One of today’s recipes is for stuffed zucchini. It was born in the 1980s when a customer walked through the door of our restaurant and gifted us with some huge 22-inch long zucchinis. “See what you can do with these,” he said. We came up with a variable ingredients stuffed Bell Pepper type filling and it immediately became our best-selling summer lunch special.

The other recipes are for simple side dishes because...who likes to cook in this heat? The final two are my favorite way to eat zucchini—a chocolate cake and a simple sweet bread that is great for breakfast, lunch or dinner. Enjoy!

FYI: You will love today’s first recipe because it has nothing to do with cooking! Many years ago, I solicited zucchini recipes from readers. I still have dozens of them in my file. This one was from my friend Carol Pryor. She left this earth too soon but I still laugh every time I read her tongue-in-cheek advice:

BEST ZUCCHINI RECIPE EVER
(Carol Pryor 2001)

1 bushel zucchini
1 raincoat
1 pair of sunglasses
A moderately fast car
                           
Directions: Go to s busy parking lot. Drive around until you find an unlocked car. Put the zucchini in the back seat and drive away FAST before you are discovered!


CORN and ZUCCHINI MEDLEY

4 slices bacon
2 cups chopped zucchini
1-1/2 cups fresh corn
1 small onion, chopped
Salt and pepper
¼ cup Jack Cheese

Place bacon in a large, deep skillet. Cook over medium high heat until evenly brown. Drain bacon on paper towels, reserving 1 tablespoon of drippings. Crumble bacon and set aside.

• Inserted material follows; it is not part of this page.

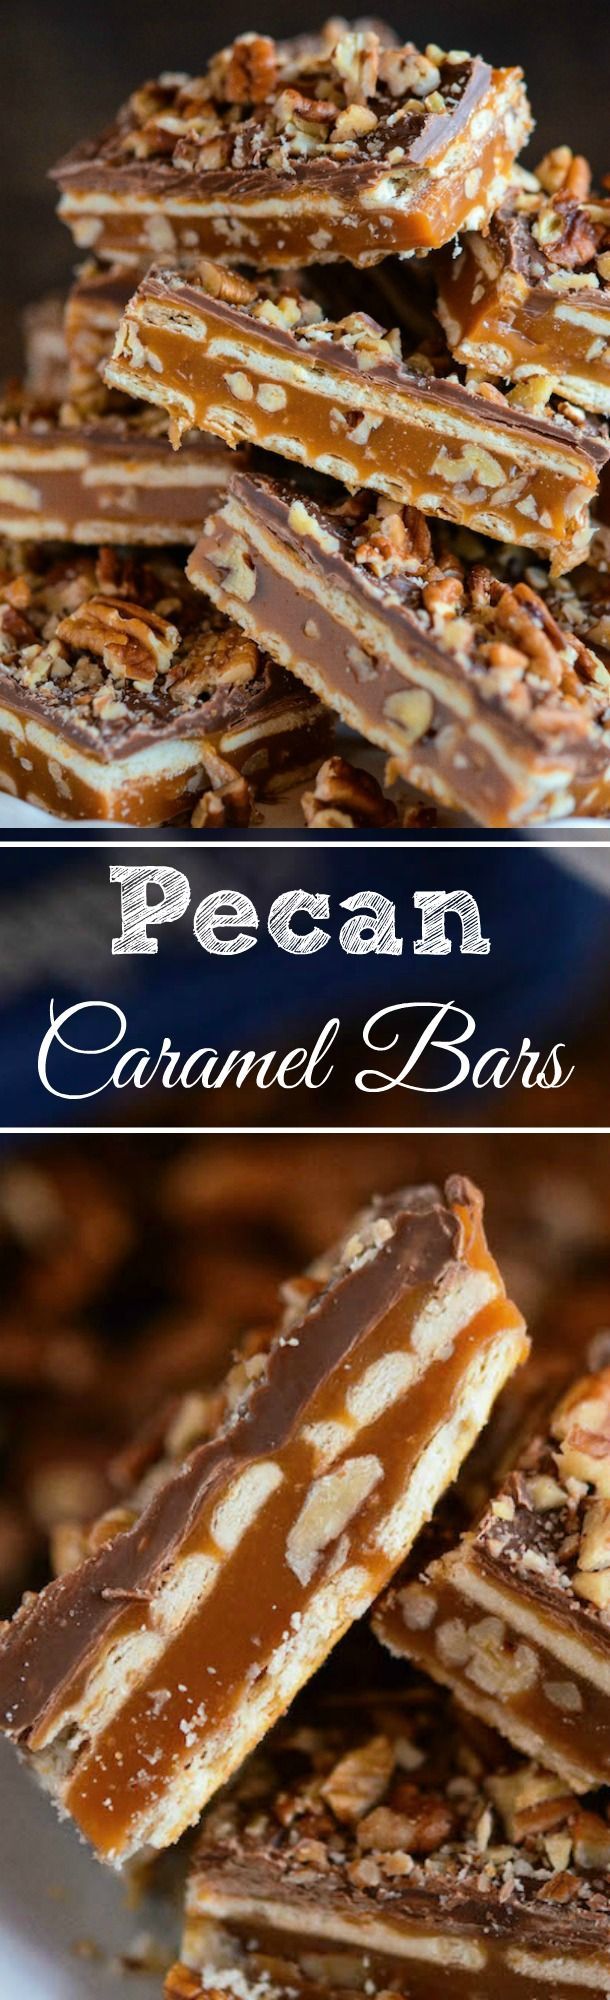 Pecan Caramel Crisp Bars! You only need 5 ingredients to make these gorgeous homem

Sauté the zucchini, corn and onion over medium heat in the bacon drippings until tender-crisp, about 10 min. Season with salt and pepper. Mix in half of the crumbled bacon and spoon vegetables into a serving bowl. Sprinkle with cheese and remaining bacon. Serves 4-5.

ZUCCHINI GARDEN SALAD

4 tomatoes, chopped or cut into quarters
1 medium zucchini, sliced and then halved
Fresh basil (or dried)
Salt and pepper
1/3 cup red onion, minced
Italian Dressing to taste

Mix all ingredients in a bowl and refrigerate. Serve cold on a bed of lettuce.

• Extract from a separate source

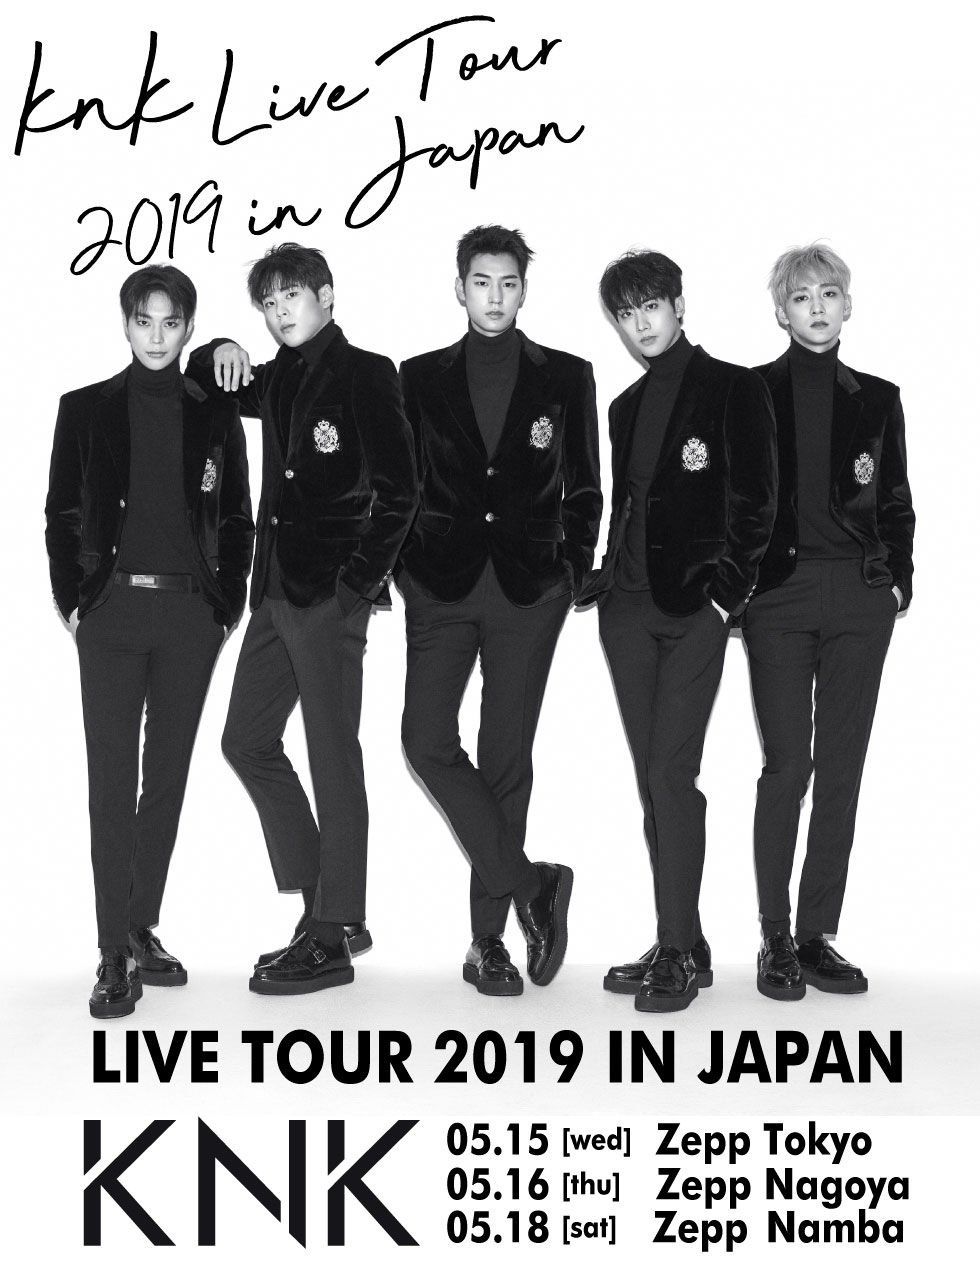 KNK LIVE TOUR 2019 IN JAPAN

KAISER’S COUNTRY DINER STUFFED ZUCCHINI

1 huge zucchini
1 pound ground beef
1 onion, diced
½ bell pepper, diced
1 cup cooked brown or white rice
2 8 ounce cans Hunts tomato sauce with basil, garlic and oregano
Other seasonings: garlic salt, pepper, basil, Tabasco

Preheat oven to 350° F. and line a baking pan with foil

Wash and split the zucchini lengthwise. Scope out the middle and discard. Steam the shells in the microwave about 3-4 min. Drain and set aside.

Cook the ground beef, onion and bell pepper in a skillet until meat is done. Drain well. Add the rice and 1 can tomato sauce to the meat mixture with other seasonings as desired. Spoon into the zucchini shells and top with the other can of tomato sauce and your choice of cheese. Bake 30 minutes or until hot and cheese is melted. Serves 8 or more depending on size.

CHOCOLATE-ZUCCHINI CAKE
Southern Living 2002

3 cups all-purpose flour
1 1/2 teaspoons baking powder
1 teaspoon baking soda
1 teaspoon salt
4 large eggs
3 cups granulated sugar
3 (1-ounce) unsweetened chocolate baking squares, melted
1 1/2 cups vegetable oil
3 cups grated zucchini (about 5)
1 cup pecans, chopped
Powdered sugar

Preheat oven to 350° F.
Combine first 4 ingredients and set aside. 

Beat eggs at medium speed with an electric mixer. Gradually add granulated sugar; beat until blended. Add chocolate and oil; beat until blended. Gradually add flour mixture; beat at low speed until blended. Fold in zucchini and pecans. Pour batter into a well-greased and floured Bundt pan.

Bake 1 hour and 15 minutes or until a wooden pick inserted in center comes out clean. Cool in pan 15 minutes. Remove from pan; cool completely on a wire rack. Sprinkle with powdered sugar before serving. Serves 12.

Kaiser’s Country Diner Zucchini Bread

Preheat oven to 350° F.
Beat together until blended:
3 eggs
2-1/4 cups sugar
1 cup vegetable oil
2 cups grated zucchini

Add:
3 cups flour
1 teaspoon salt
1 teaspoon baking soda
1/2 teaspoon baking powder
3 teaspoons cinnamon

Spray 2 large or 3 small loaf (bread) pans with cooking oil.
Bake 1 hour or until a tester comes out clean. Cool, slice and serve at breakfast, with luncheon salads or a bedtime dessert.